I can use ChatGPT to teach me and understand a topic or i can use it to give me an answer and not double check and just copy paste.
Just shows off how much you care about the topic at hand, no?
Starting the answer with "I asked ChatGPT and it said..." almost 100% means the poster did not double-check.
(This is the same with other systems: If you say, "According to Google...", then you are admitting you don't know much about this topic. This can occasionally be useful, but most of the time it's just annoying...)
"I asked X and it said..." is an appeal to authority and suspect on its face whether or not X is an LLM. But when it's an LLM, then it's even worse. Presumably, the reason for the appeal is because the person using it considers the LLM to be an authoritative or meaningful source. That makes me question the competence of the person saying it.
> Something that really frustrates me about interacting with
Something that frustrates me with LLMs is that they are optimized such that errors are as silent as possible.It is just bad design. You want errors to be as loud as possible. So they can be traced and resolved. On the other hand, LLMs optimize human preference (or some proxy of this). While humans prefer accuracy, it would be naive to ignore all the other things that optimize this objective. Specifically, humans prefer answers that they don't know are wrong over those that they do know are wrong.

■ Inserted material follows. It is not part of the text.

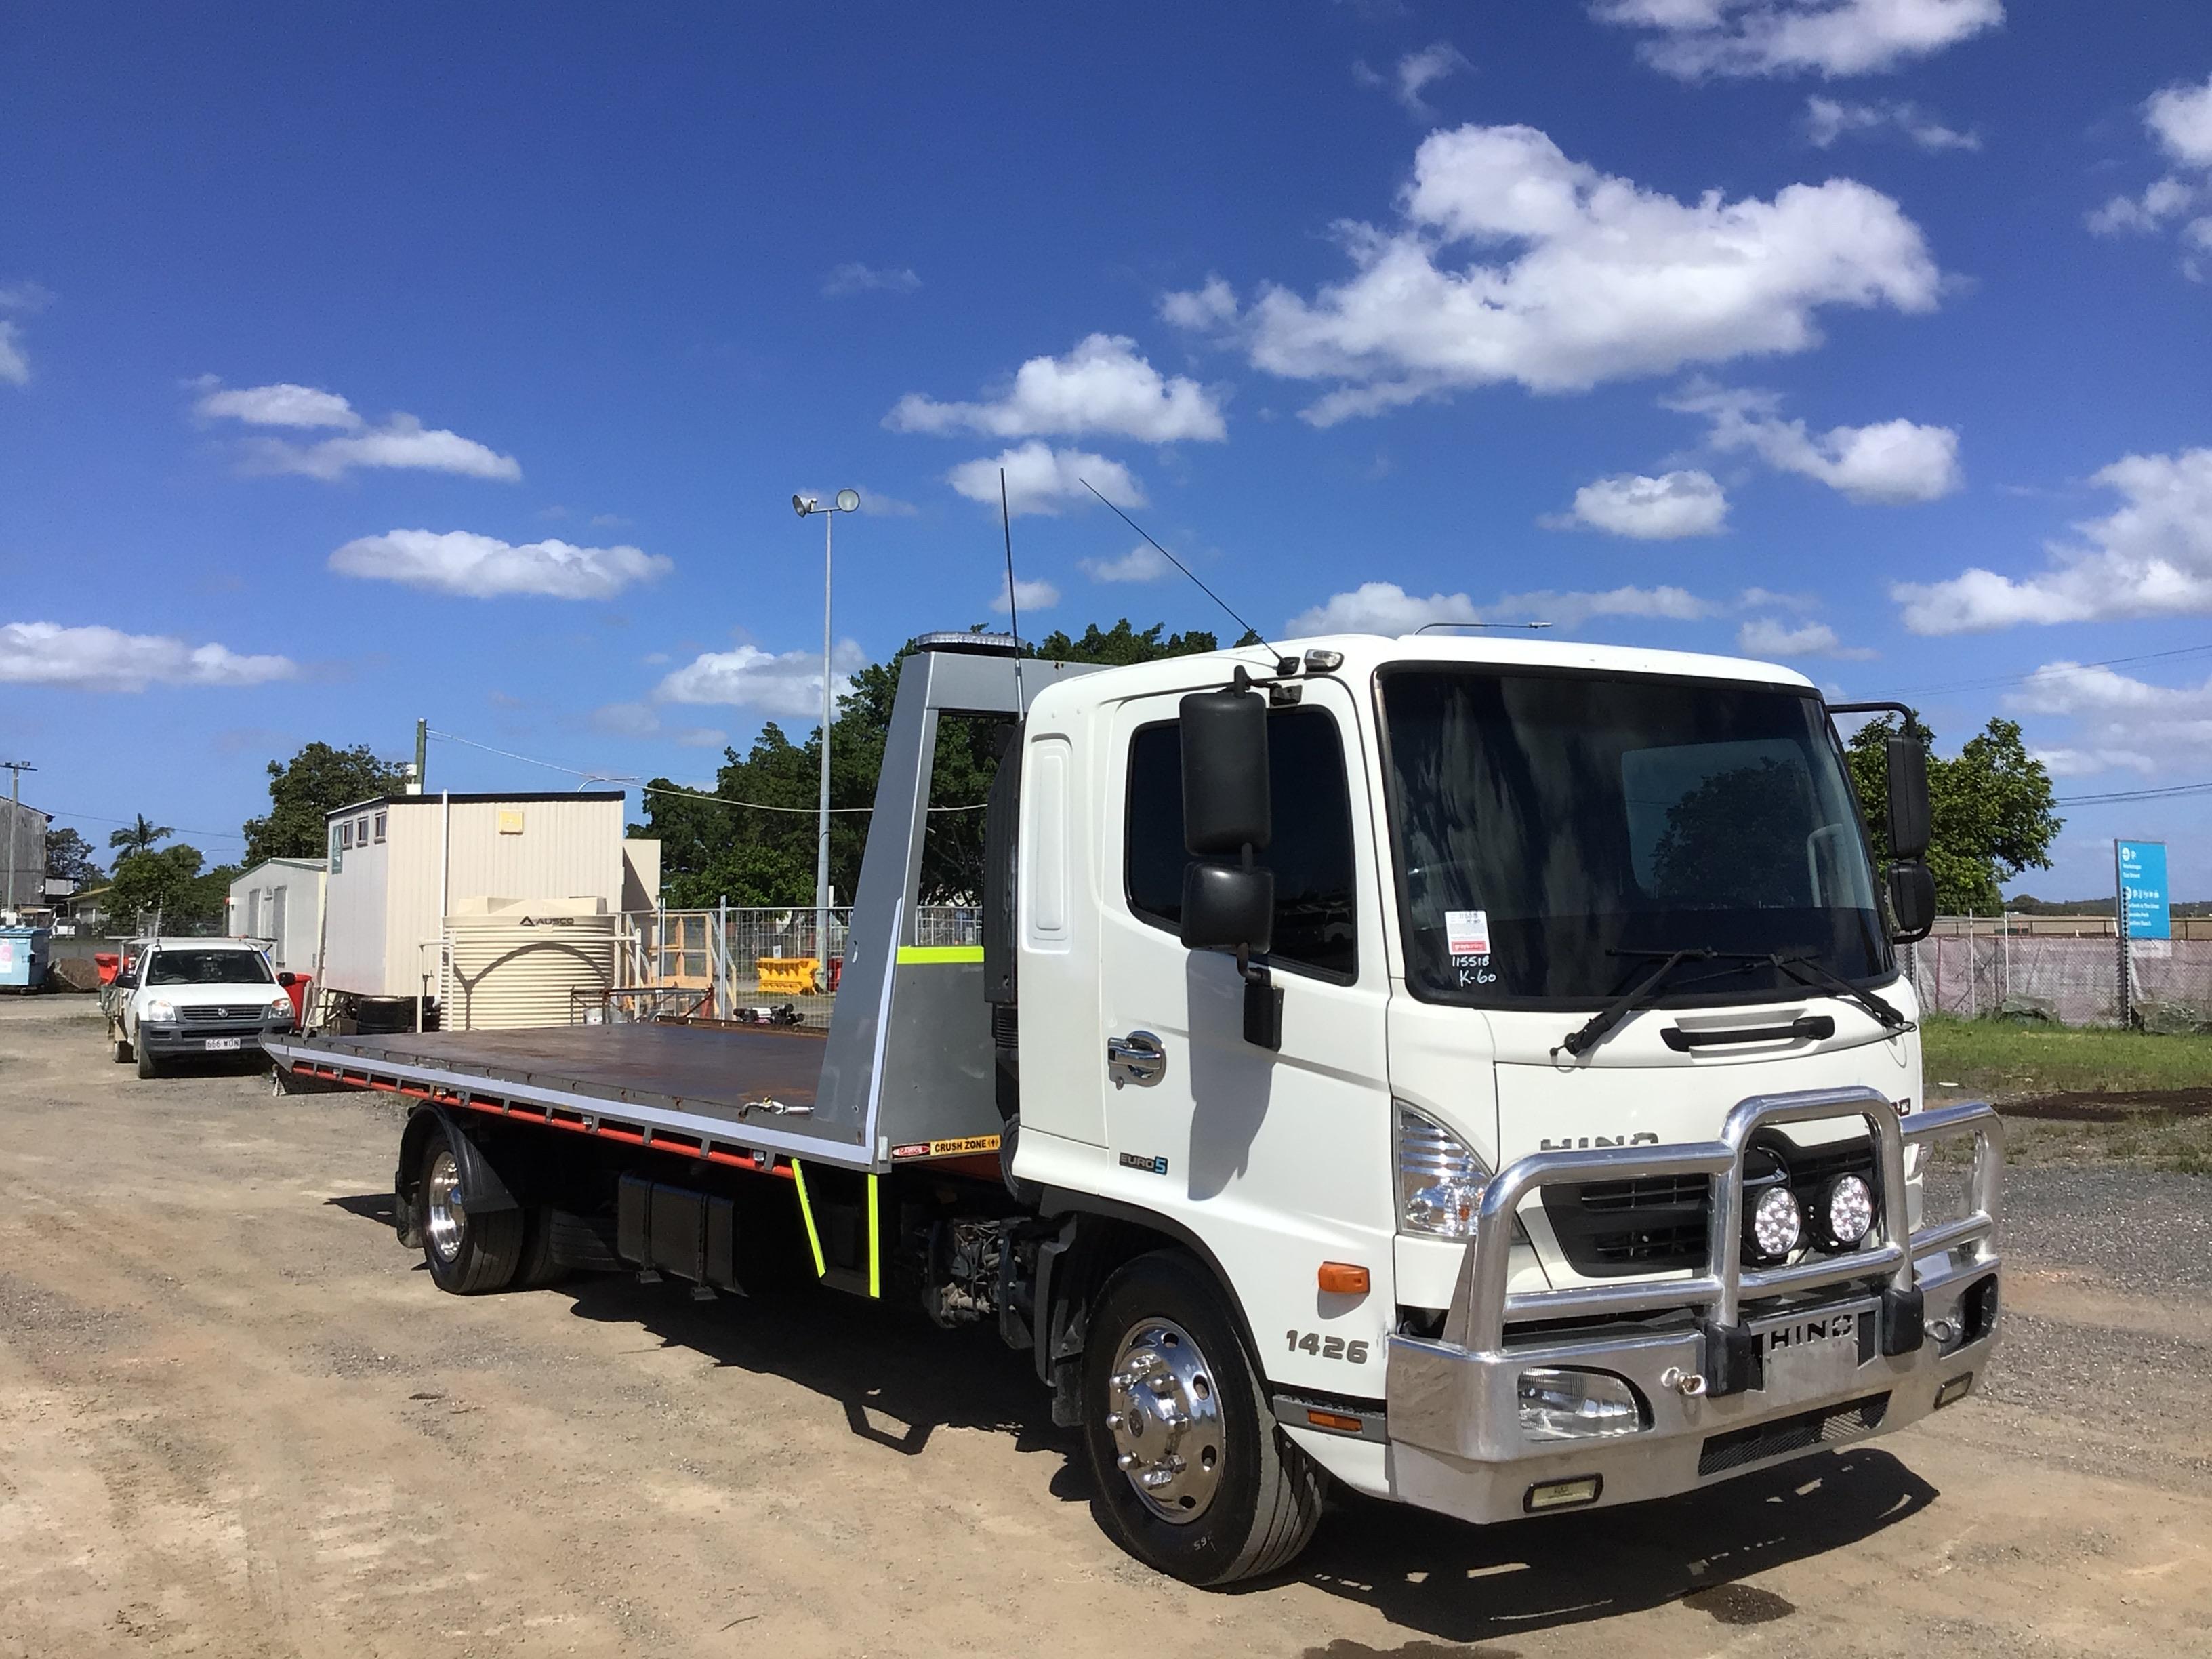 2011 Hino FE 4 x 2 Tilt Tray Truck with Winch

This doesn't make LLMs useless but certainly it should strongly inform how we use them. Frankly, you cannot trust outputs, so you have to verify. I think this is where there's a big divergence between LLM users (and non-users). Those that blindly trust and those that don't (extreme case is non-users). If you need to constantly verify AND recognize that verification is extra hard (because it is optimized to be invisible to you), it can create extra work, not less.

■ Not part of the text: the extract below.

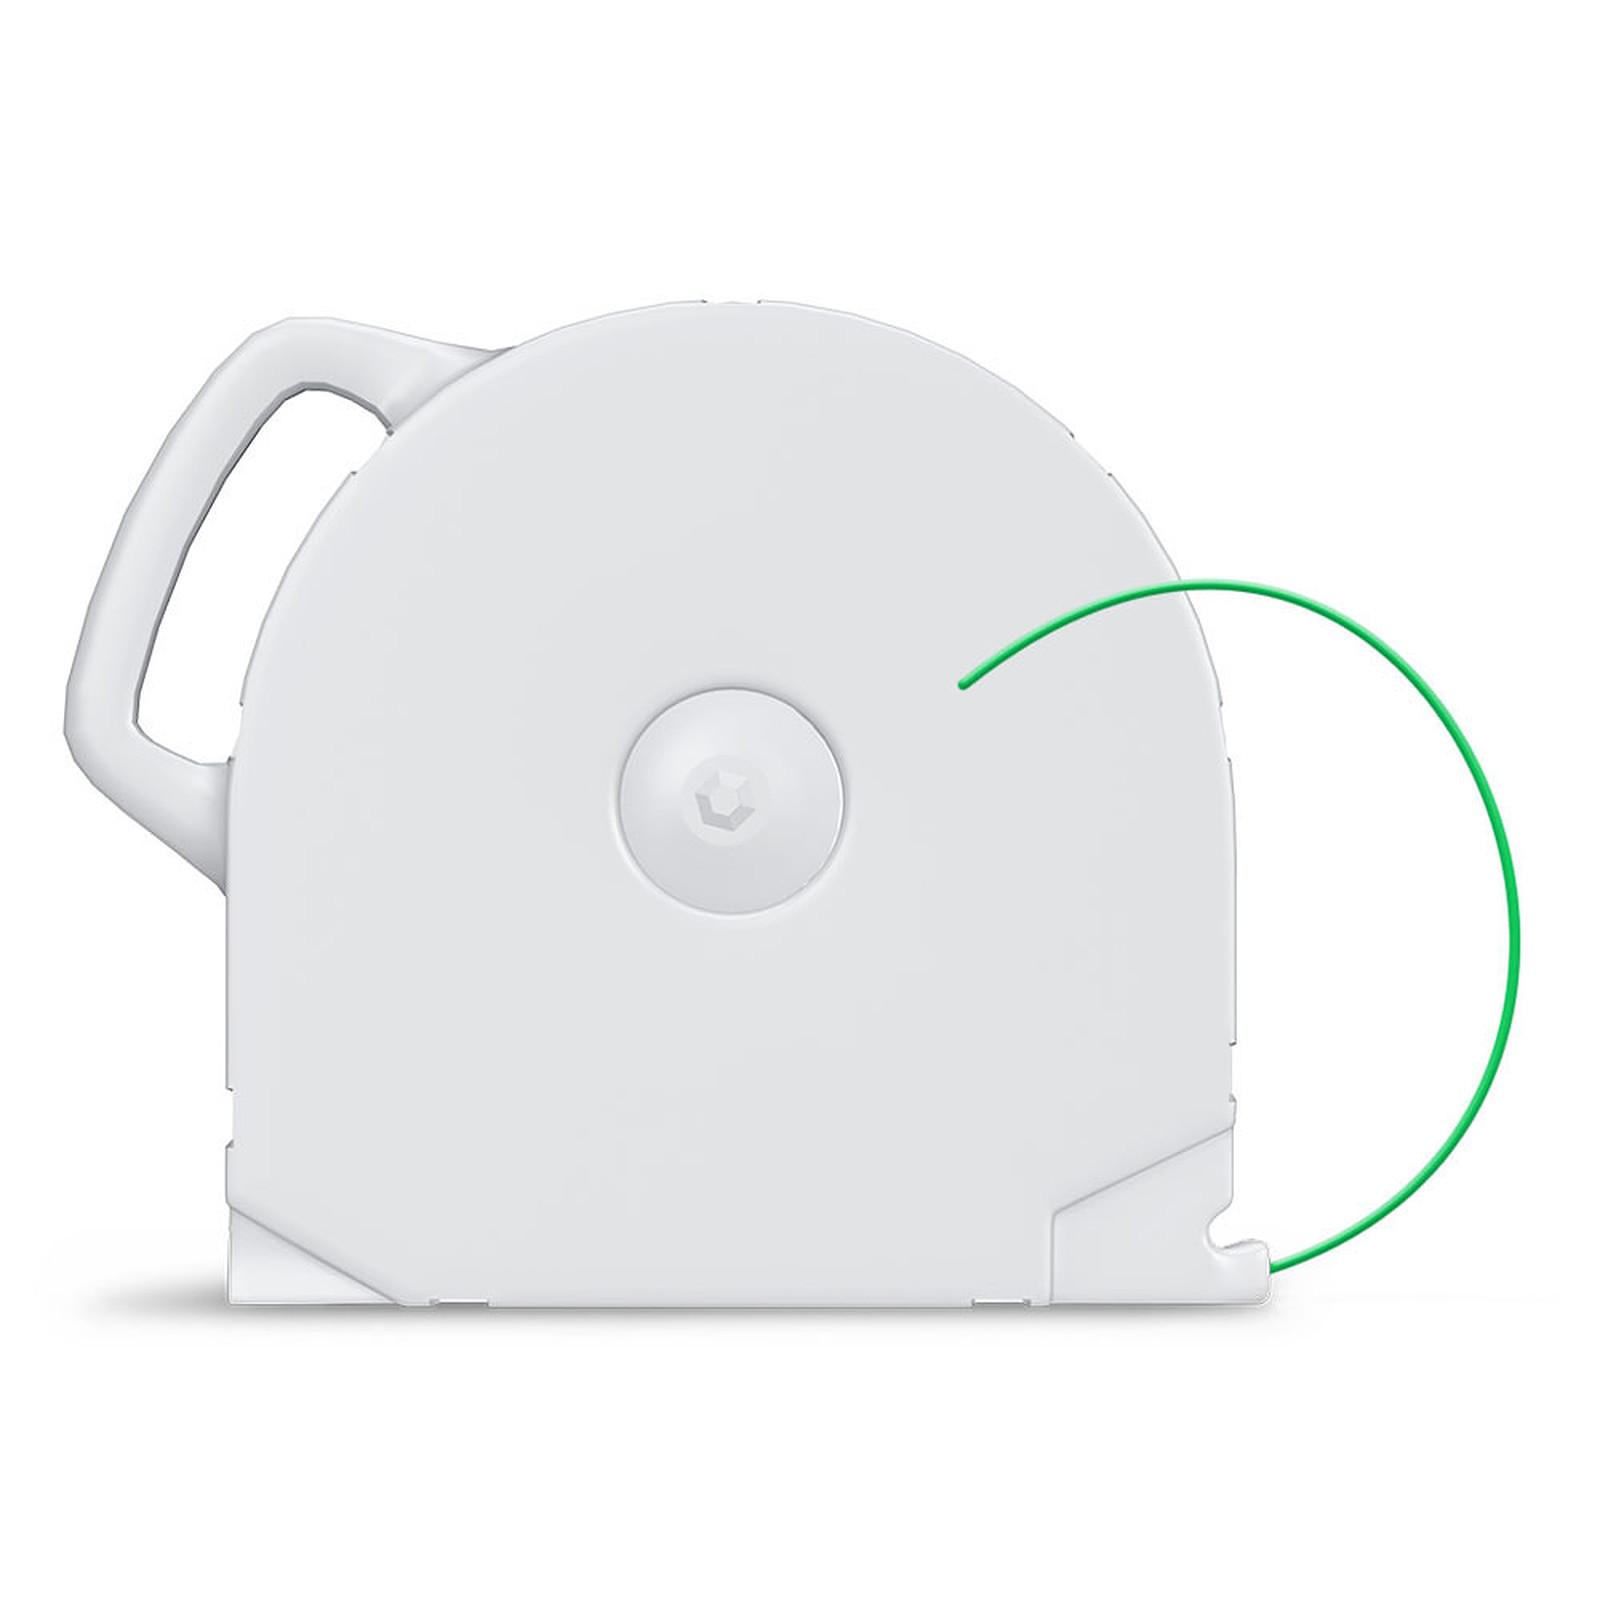 3DI 401398 - Cartouche PLA Verte pour imprimante 3D

It really is two camps and I think it says a lot:
- "Blindly" trust
- "Trust" but verify
Wide range of opinions in these two camps, but I think it comes down to some threshold of default trust or default suspicion.Seems like if all you do is forward questions to LLMs, maybe you CAN be replaced by a LLM.
most annoying is when people trust chatgpt more that experts they pay. we had case when our client asked us for some specific optimization, and we told him that it makes no sense, then he asked the other company that we cooperate with and got similar response, then he asked chatgpt and it told him it's great idea. And guess what, he bought $20k subscription to implement it.

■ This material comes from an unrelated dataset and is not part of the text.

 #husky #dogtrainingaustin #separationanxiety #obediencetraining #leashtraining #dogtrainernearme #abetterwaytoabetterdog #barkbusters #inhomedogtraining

If that's all the available information and you're out of time, you may as well cut the blue wire. But, pretty much any other source is automatically more trustworthy.
Recently I used o3 to plan a refactoring related to upgrading the version of C++ we are using in our product. It pointed out that we could use a tool built in to VS 2022 to make a particular change automatically based on compilation output. I was not familiar with this tool and neither were the other developers on the team.
I did confirm its accuracy myself, but also made sure to credit the model as the source of information about the tool.
If they're saying it to you, why wouldn't you assume they understand and trust what they came up with?
Do you need people to start with "I understand and believe and trust what I'm about to show you ..."?
Current systems are definitely flawed (incomplete, biased, or imagined information), but I'd pick the answers provided by Gemini over a random social post, blog page, or influencer every time.